DETAILED DESCRIPTION OF THE INVENTION

[0001]

BACKGROUND OF THE INVENTION 1. Field of the Invention The present invention relates to a toner concentration detecting device for detecting a toner concentration of a developer in a developing device of an electrophotographic apparatus.

[0002]

2. Description of the Related Art An electrophotographic apparatus is equipped with an automatic toner replenishing control device so that an image having a constant density is always formed by replenishing toner consumed during image formation. As such an automatic control device, a toner concentration detecting device is used. As the toner concentration detecting device,
A so-called L detection type toner concentration detection device (hereinafter, referred to as an L detection device) that detects a change in magnetic permeability of a developer caused by a change in density as a change in an oscillation frequency of an oscillation circuit is widely used.

As a conventional L detecting device, there is a core type L detecting device in which a coil is wound around a magnetic core to form a magnetic field in a space containing a developer to be detected and an LC oscillation circuit is formed by the coil. in use.
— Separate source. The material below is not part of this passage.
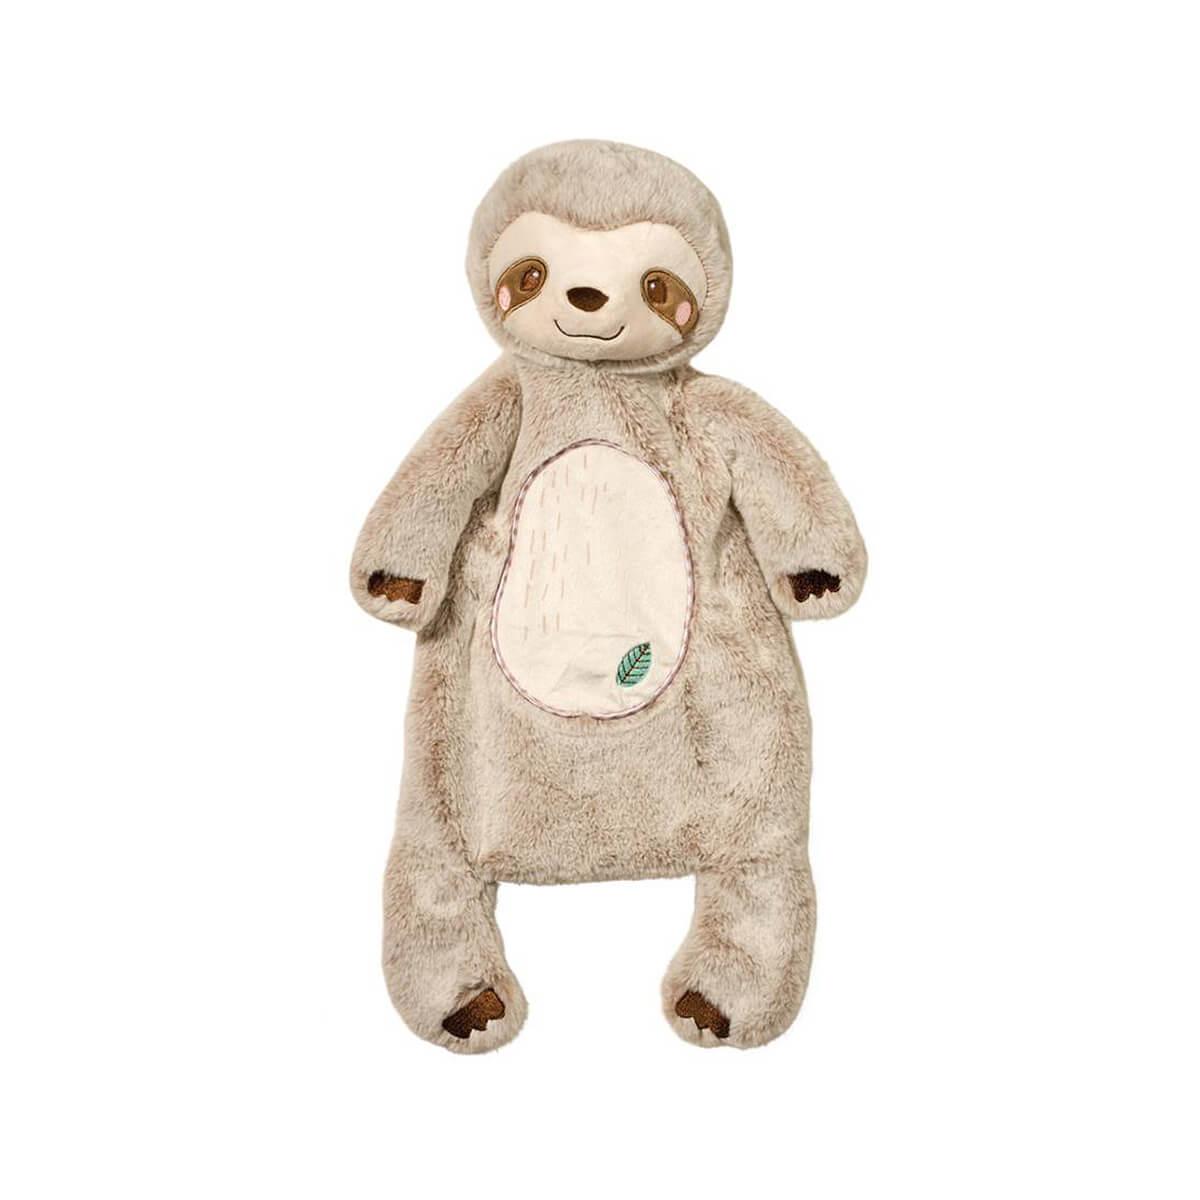  Silly Little Sloth Sshlumpie Plush Toy

[0004] Such a conventional core-type L detector has a high manufacturing cost and is a component in which the core is formed by sintering. There is a problem in that there is a problem in quality control due to variations in the performance of the device, and it is difficult to reduce the size.
In order to solve such a problem of the conventional core type L detecting device, the present applicant disclosed in Japanese Patent Application Laid-Open No. 7-248676 a printed coil type L detecting device in which the inductance of an LC oscillation circuit is constituted by a coil formed by printing. The device was proposed.

[0005] The print coil type L detector has an inductance, and a coil for generating a magnetic field is formed by printing.
This has a remarkable advantage over an equal-core L detection device that can be miniaturized.

[0006]

In the L detection device, a change in the toner concentration in the developer is detected as a change in the oscillation frequency of the LC oscillation circuit. In the print coil type L detection device described, the oscillation frequency f is obtained by the following equation (1).

[0007]

(Equation 2)

In designing the toner concentration detecting device, the inductance and the capacitance, which are the circuit constants of the LC oscillation circuit, are determined based on the above equation (1).

However, as a result of research conducted by the inventor of the present invention, in a printed coil type L detecting device in which a coil that generates inductance of an LC oscillation circuit is formed by printing, it is necessary to ignore the resistance component of the circuit to obtain the oscillation frequency. It was found that it was necessary to design the circuit in consideration of the resistance component. The reason is as follows.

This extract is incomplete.